◆ AIM OF THE EXERCISE ◆
Extract the whole listing as it stands. Do not include the pictures.

*** Opening COLLECTED DATA ***

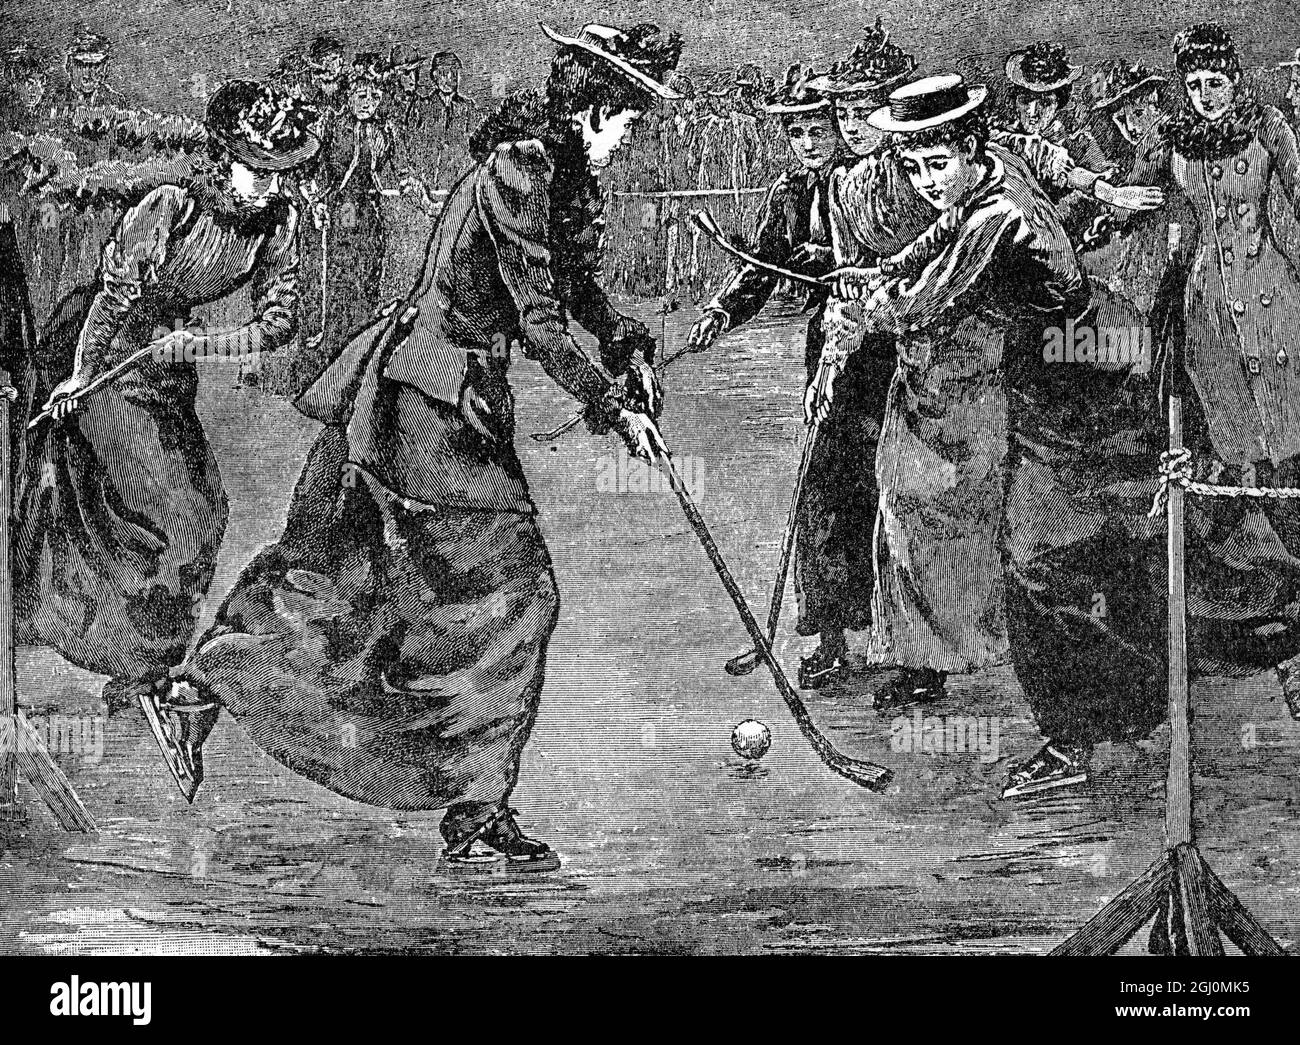 Hockey sur glace à Wimbledon les dames du club de patinage de Wimbledon profitent de leur nouveau privilège de jouer au hockey . Les jupes lâches et coulées de ces Camillas rapides ondulent doucement d'un côté à l'autre en réponse au mouvement de patinage . 1893 Banque D'Images
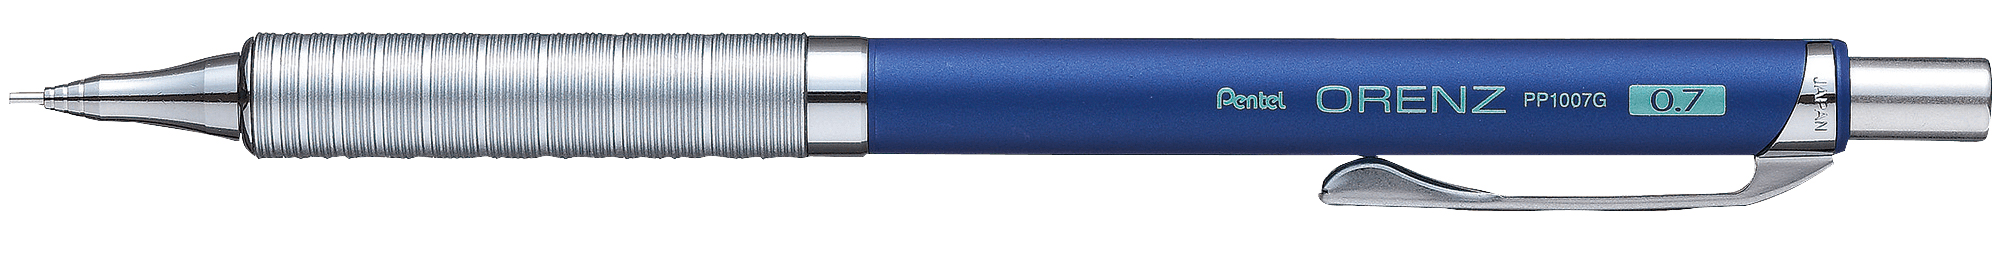 Карандаш механический Pentel Orenz Metal Grip синий корпус 0,7мм XPP1007G-CX
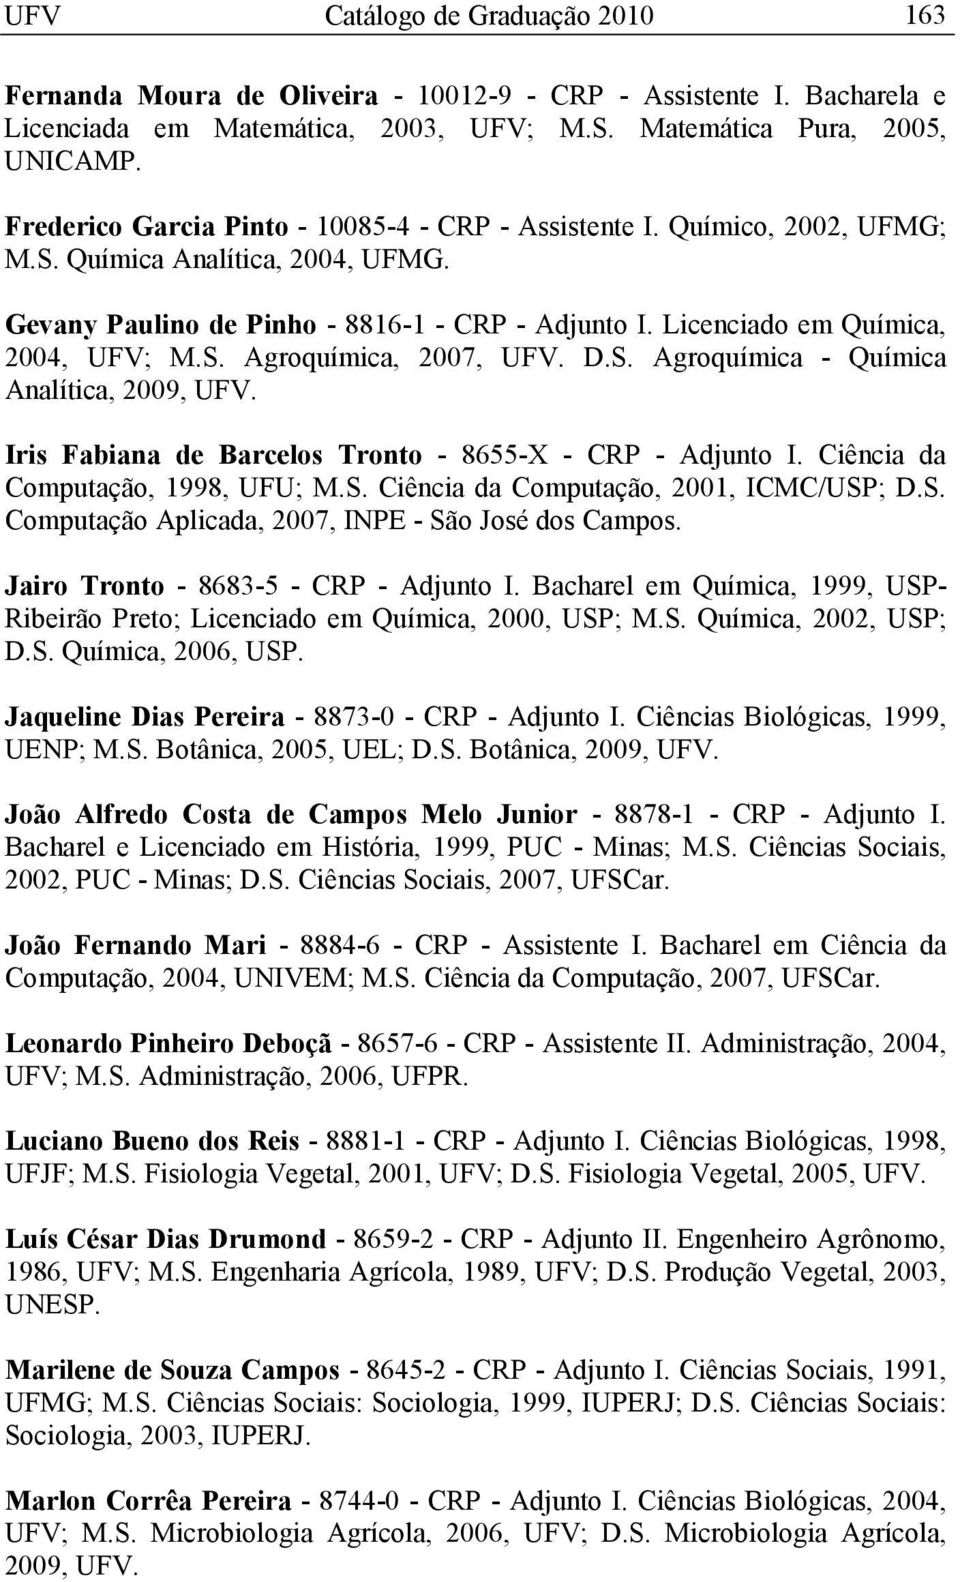 S. Agroquímica, 2007, UFV. D.S. Agroquímica - Química Analítica, 2009, UFV. Iris Fabiana de Barcelos Tronto - 8655-X - CRP - Adjunto I. Ciência da Computação, 1998, UFU; M.S. Ciência da Computação, 2001, ICMC/USP; D.
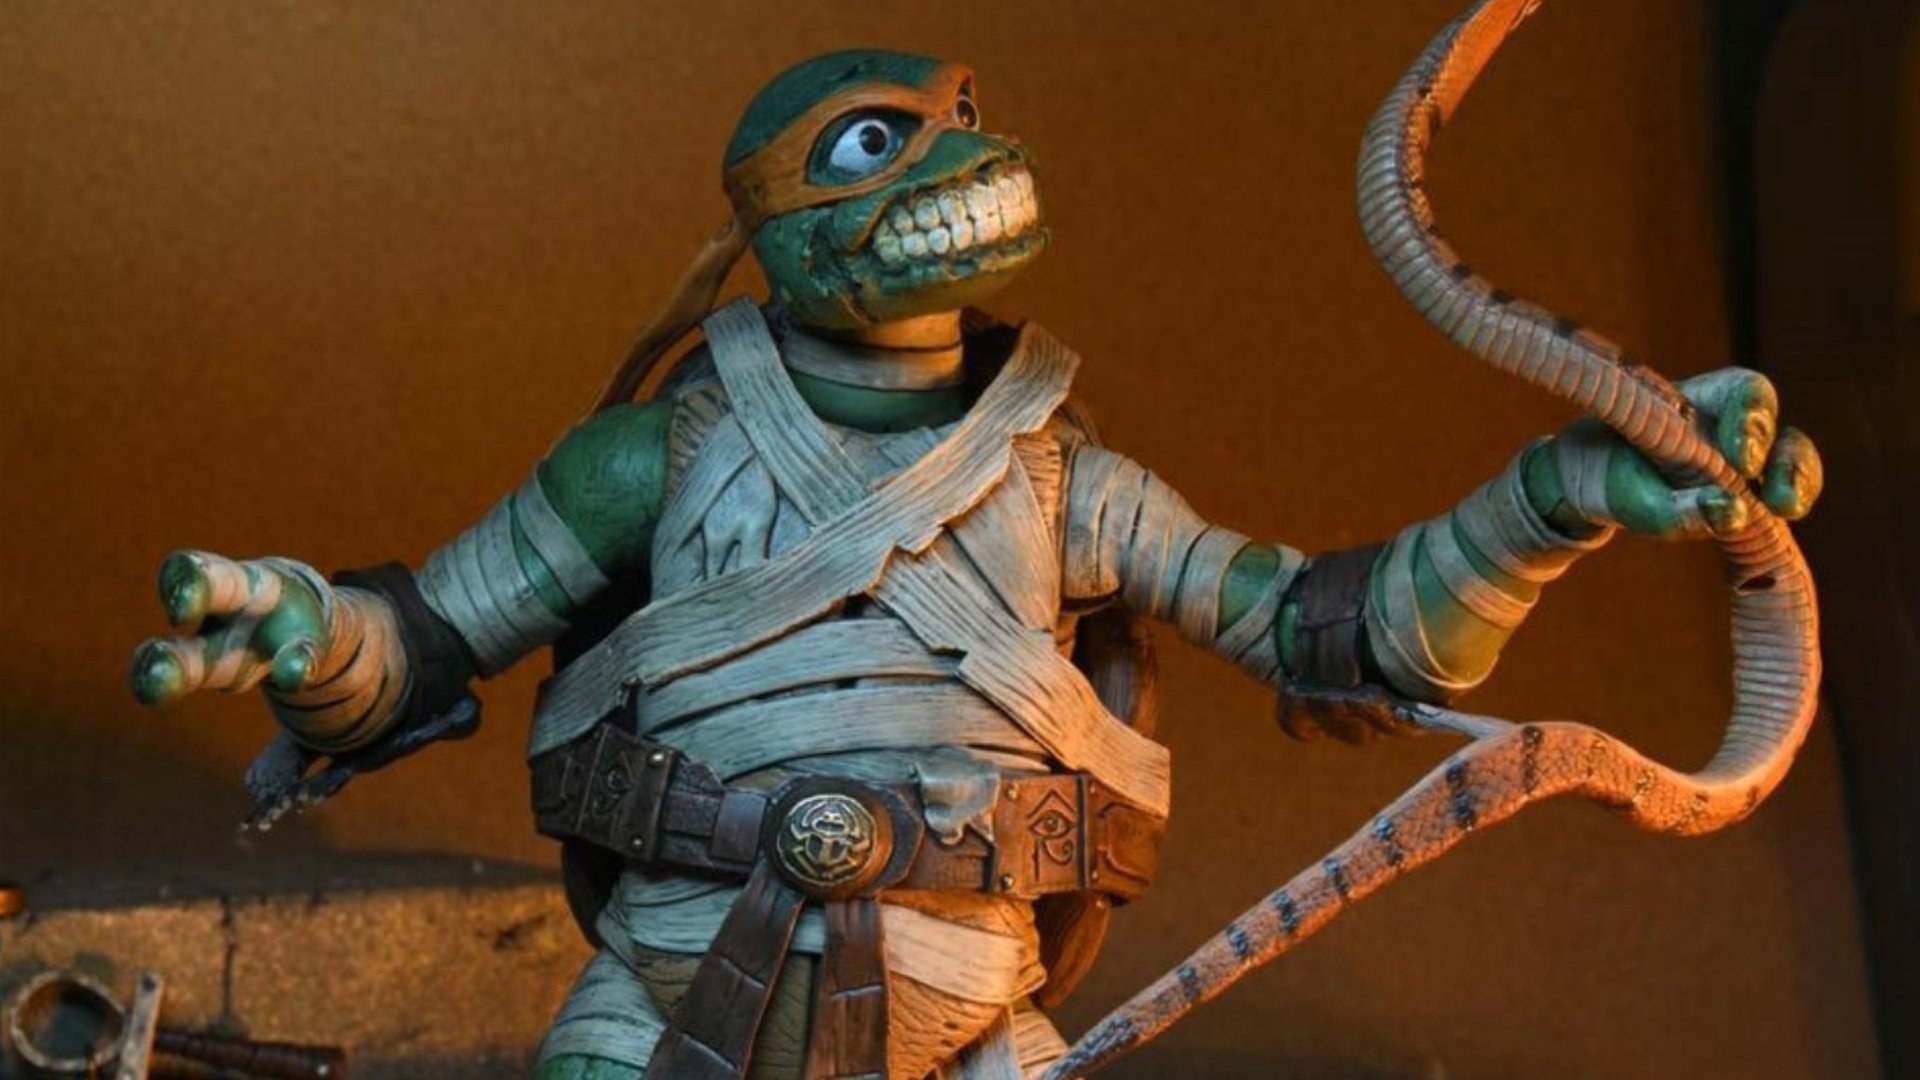 NECA Universal Monsters x Teenage Mutant Ninja Turtles Ultimate Leonardo As The Hunchback 7 Figure

*** Closing COLLECTED DATA ***

◆ TASK SOLUTION ◆
 Hockey sur glace à Wimbledon les dames du club de patinage de Wimbledon profitent de leur nouveau privilège de jouer au hockey . Les jupes lâches et coulées de ces Camillas rapides ondulent doucement d'un côté à l'autre en réponse au mouvement de patinage . 1893 Banque D'Images
 Карандаш механический Pentel Orenz Metal Grip синий корпус 0,7мм XPP1007G-CX
 S. Agroquímica, 2007, UFV. D.S. Agroquímica - Química Analítica, 2009, UFV. Iris Fabiana de Barcelos Tronto - 8655-X - CRP - Adjunto I. Ciência da Computação, 1998, UFU; M.S. Ciência da Computação, 2001, ICMC/USP; D.
 NECA Universal Monsters x Teenage Mutant Ninja Turtles Ultimate Leonardo As The Hunchback 7 Figure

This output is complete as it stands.